Entries shown.
-- Opening Marker --

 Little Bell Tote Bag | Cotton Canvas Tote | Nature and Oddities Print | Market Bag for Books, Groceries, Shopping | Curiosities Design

-- Closing Marker --
-- Opening Marker --

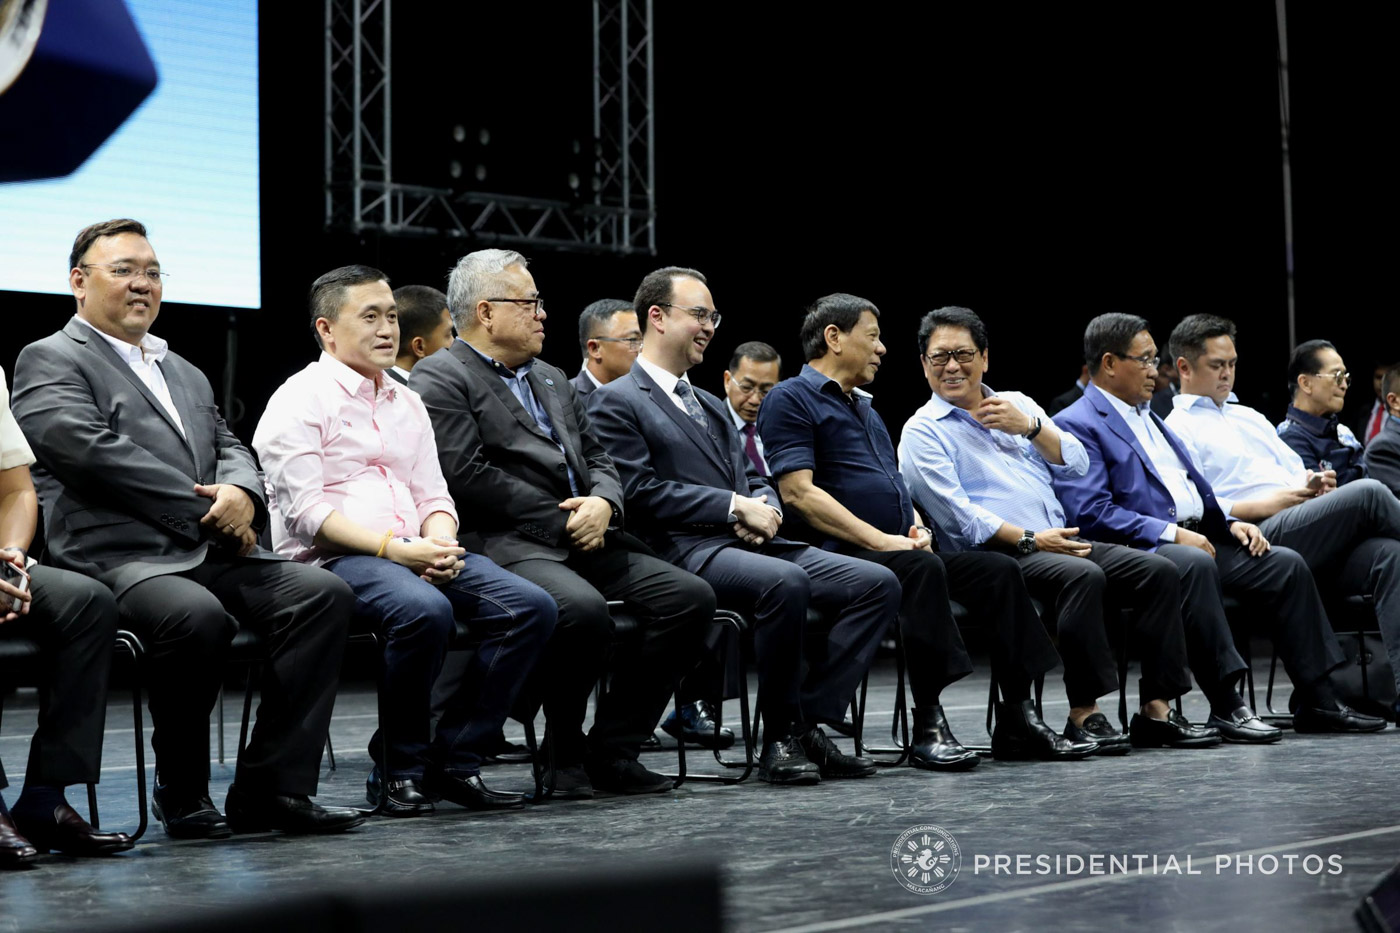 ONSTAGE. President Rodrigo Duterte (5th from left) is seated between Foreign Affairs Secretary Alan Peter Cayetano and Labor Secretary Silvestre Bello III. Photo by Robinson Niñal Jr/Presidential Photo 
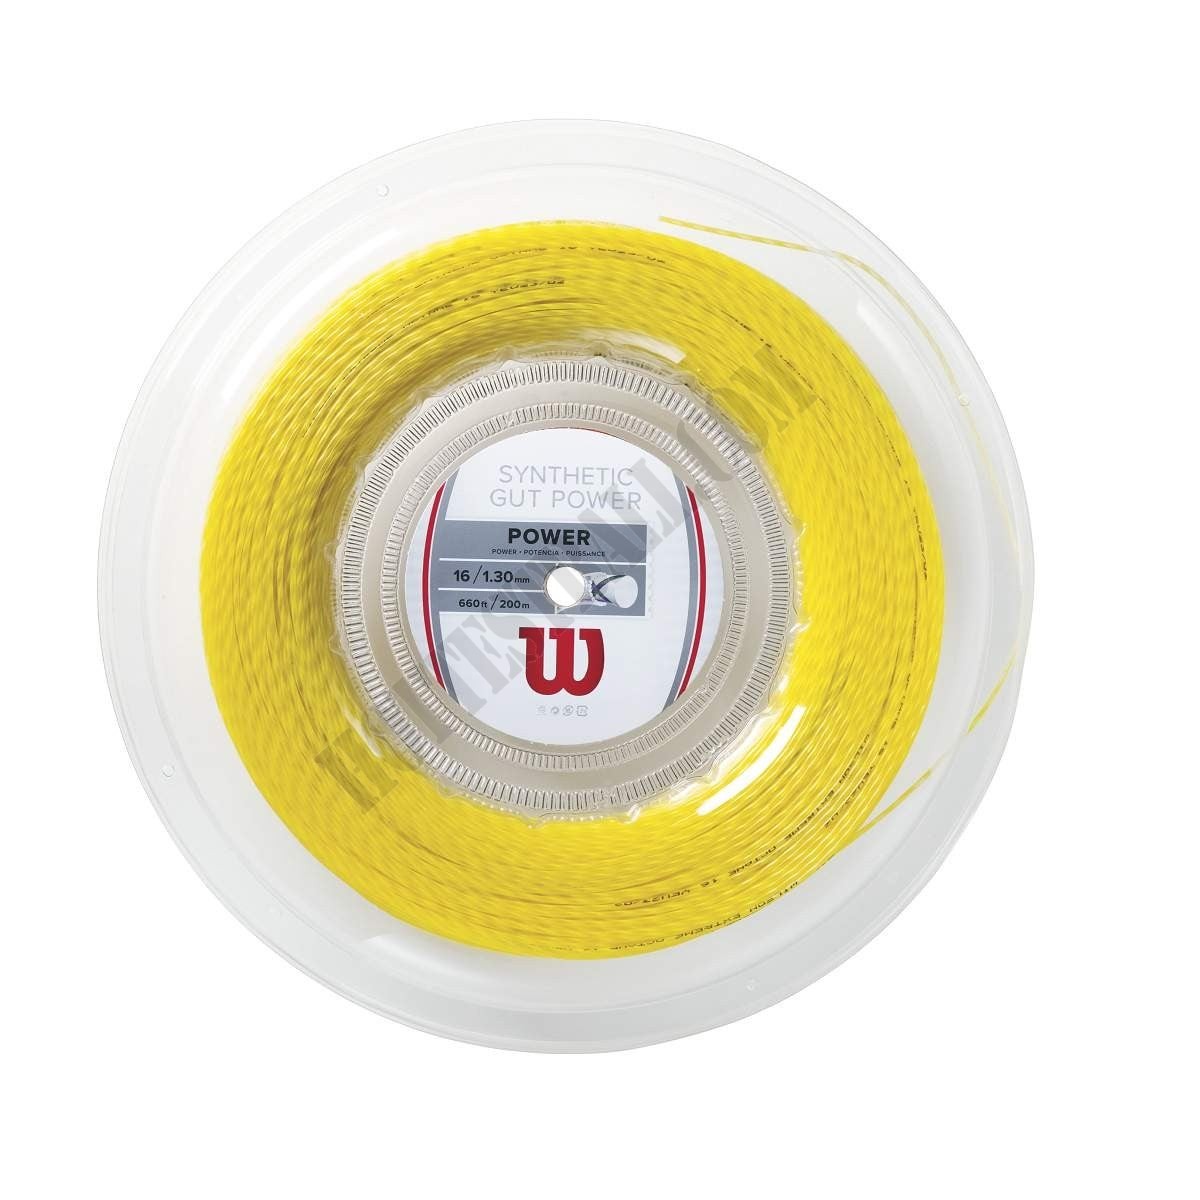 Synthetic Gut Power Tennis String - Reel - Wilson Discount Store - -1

-- Closing Marker --
-- Opening Marker --

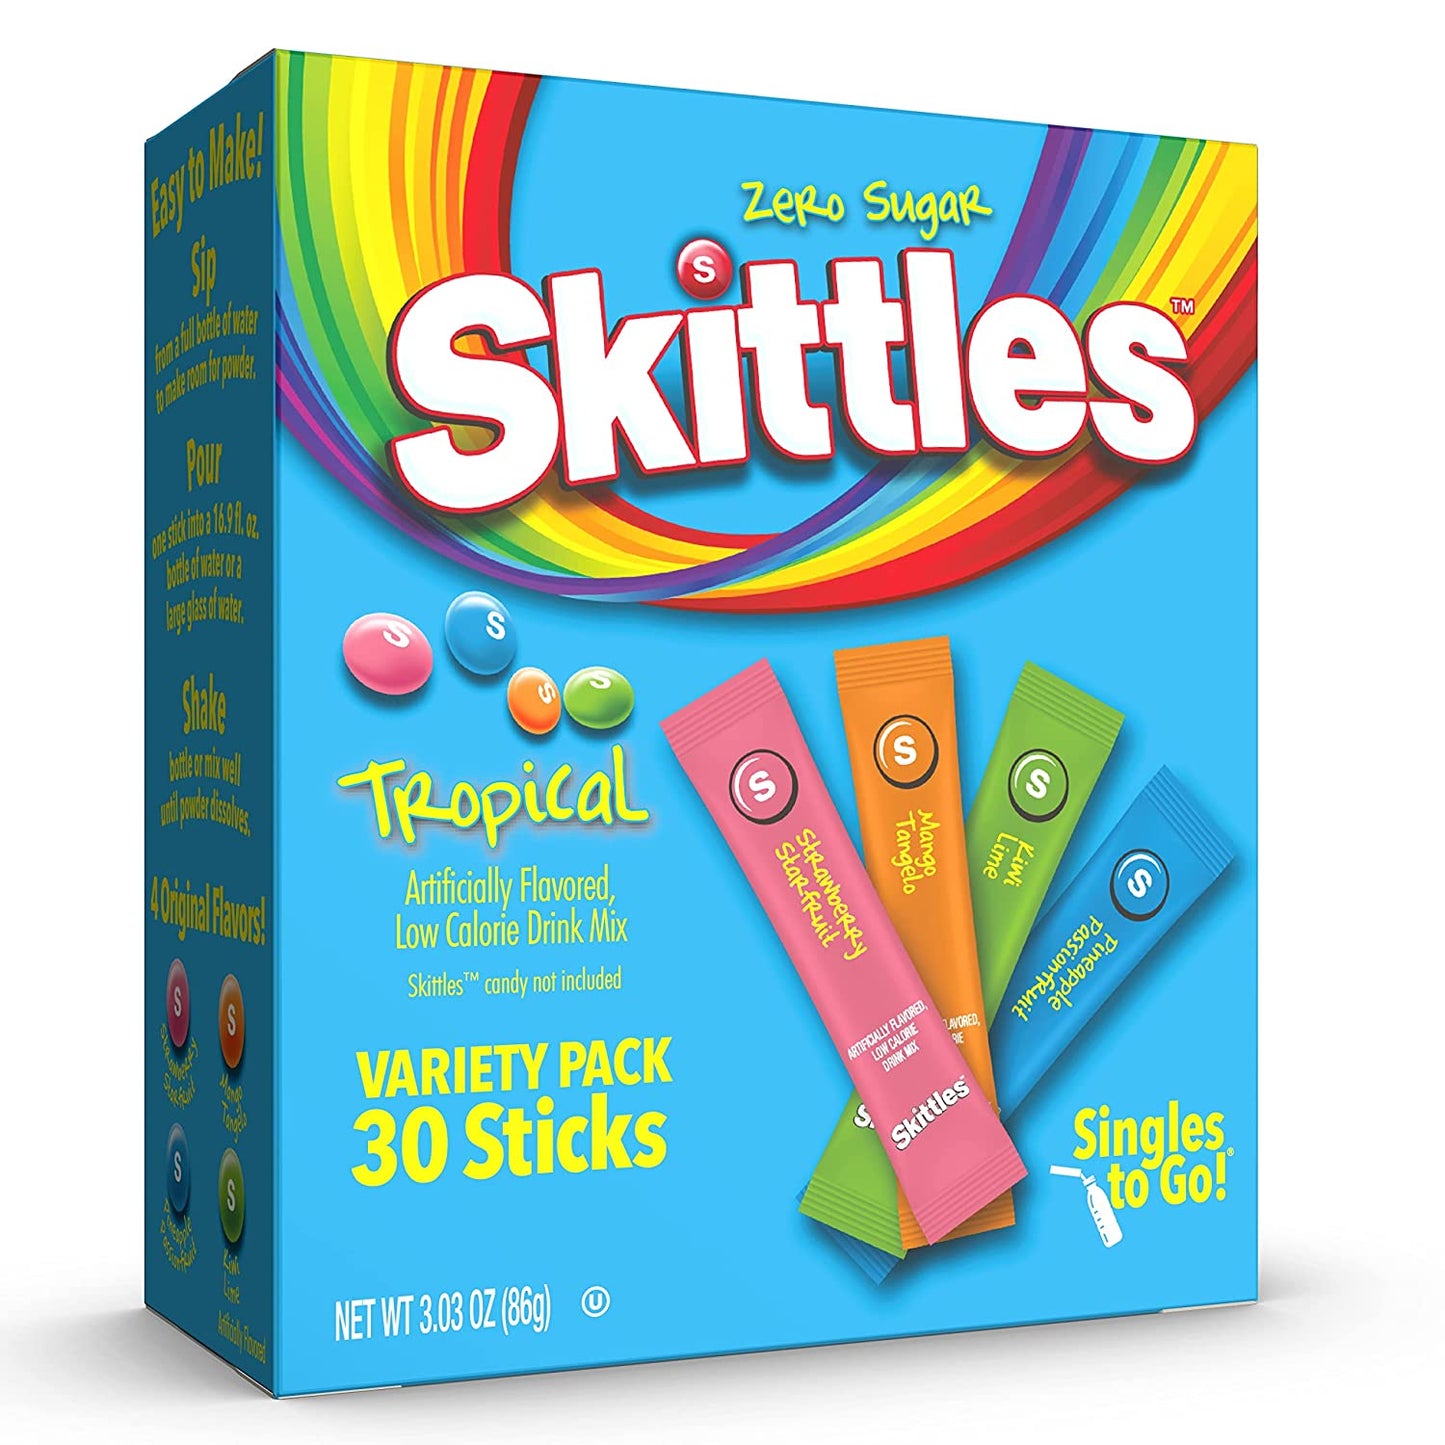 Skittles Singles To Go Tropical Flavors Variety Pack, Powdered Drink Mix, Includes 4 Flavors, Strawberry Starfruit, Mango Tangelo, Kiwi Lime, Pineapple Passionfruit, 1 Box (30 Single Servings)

-- Closing Marker --

What you have to do.
What are the lines in the records above, word for word, from the one containing "ONSTAGE. President Rodrigo" through the one containing "Synthetic Gut Power", both ends included and pictures left out?

Completed task.
 ONSTAGE. President Rodrigo Duterte (5th from left) is seated between Foreign Affairs Secretary Alan Peter Cayetano and Labor Secretary Silvestre Bello III. Photo by Robinson Niñal Jr/Presidential Photo 
 Synthetic Gut Power Tennis String - Reel - Wilson Discount Store - -1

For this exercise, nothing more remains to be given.